Depois disso, o garoto não se virou mais. A passos largos ele se distanciava cada vez mais e parecia cada vez mais ansioso. Os amigos pararam de tagarelar e foram mais depressa pra não perdê-lo de vista. Sem se virar, Tom alerta os amigos:

- Galera, vocês sabem que nunca passamos daqui. Estamos longe e logo vai anoitecer, mas eu preciso descobrir por que meu pai me disse pra eu nunca vir pra essas bandas. Me deixem aqui, prometo ficar bem e contar pra vocês amanhã na aula o que tem  de tão proibido.

Joel respondeu:

- Ouvi dizer que tem uma ponte de madeira quebrada alguns quilômetros pra frente.

Rick confirma:

- É, dizem que é mal assombrado. Não vai nos meter em mais uma fria, né Tom?

Carlos também comenta:

- Meu irmão me disse que é um lugar onde algumas pessoas se suicidaram no passado. Um desvio pelo vale foi construído pelos fazendeiros que precisavam atravessar e a ponte nunca foi restaurada. Eu vou contigo, Tom! Não é seguro ficar aqui sozinho e... sua mãe me mata se chego lá sem você.

Rick esbraveja:

- Vocês são malucos mesmo! Só querem ser os "rebeldezinhos" pra depois contar vantagem.

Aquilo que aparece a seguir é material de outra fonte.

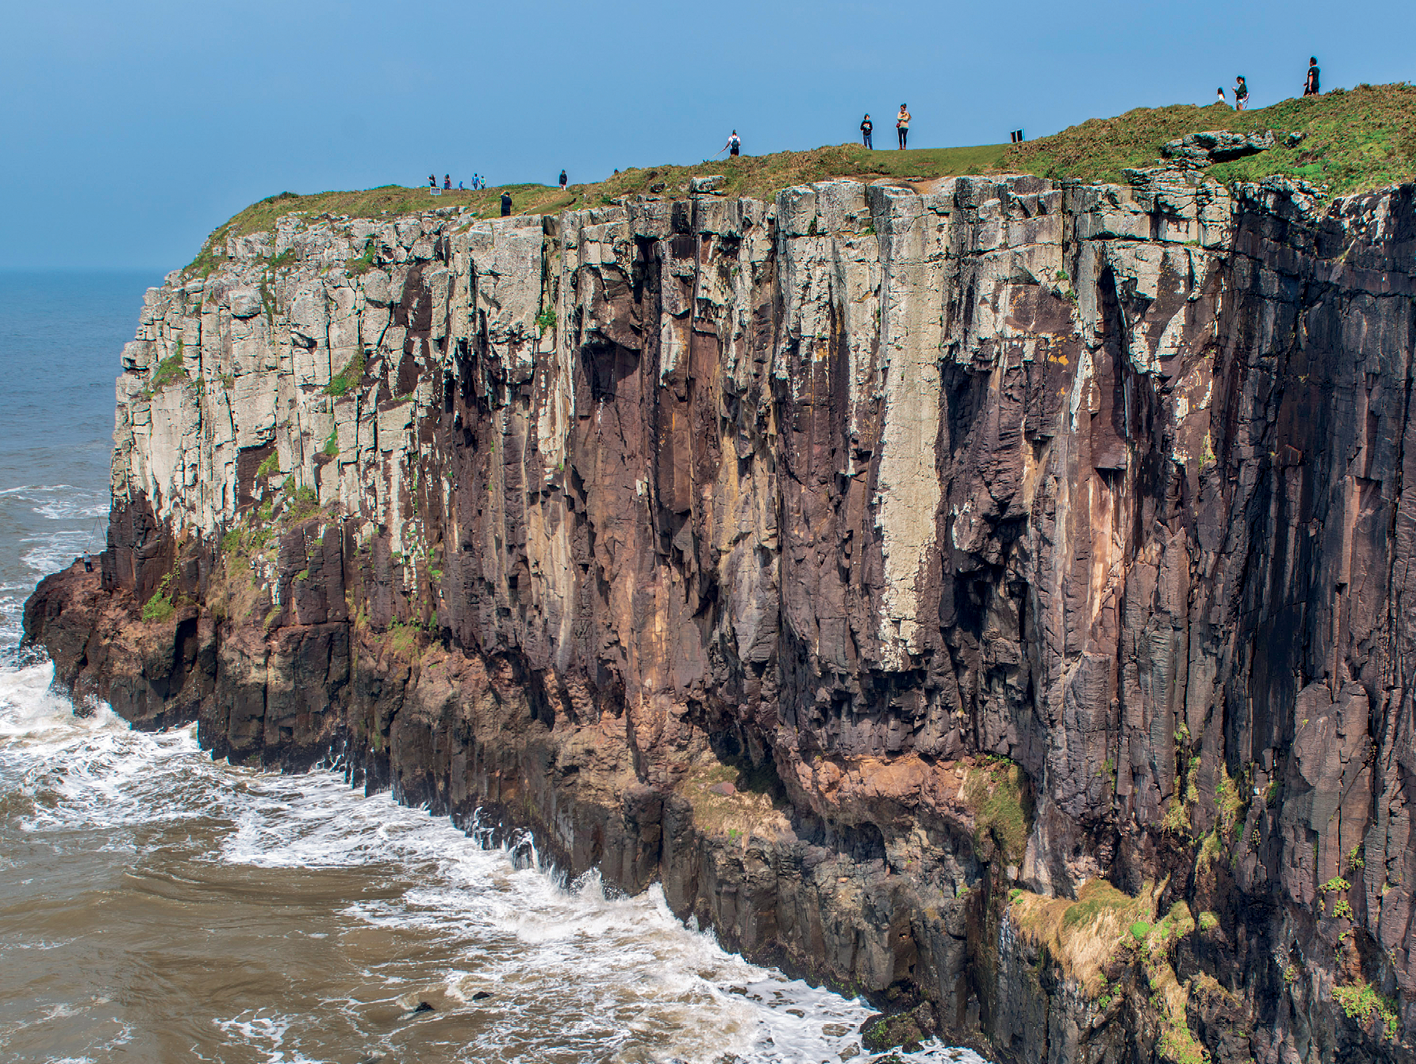 Fotografia. Vista de uma grande formação rochosa de frente para o oceano, com a feição de um paredão à beira mar. No topo, acima do paredão, há diversas pessoas observando.

Pra mim já deu! Bora Joel?!

Confuso, Joel decide voltar com Rick pra casa, embora tivesse vontade de ficar com os amigos e ver o que realmente tinha mais à frente. Rick respira aliviado com a decisão do colega, já que estava morrendo de medo de voltar sozinho pela estrada vazia.

Continuando a jornada, Tom e o inseparável Carlos correram atentos. O primeiro atento a tudo, com olhar de euforia e determinação e o segundo atento ao primeiro, com olhar de incompreensão e admiração. Carlos demonstra ainda não entender os motivos de seu amigo:

- Por que exatamente você decidiu correr esse risco, mano? Pode ser perigoso demais andar por aqui à noite!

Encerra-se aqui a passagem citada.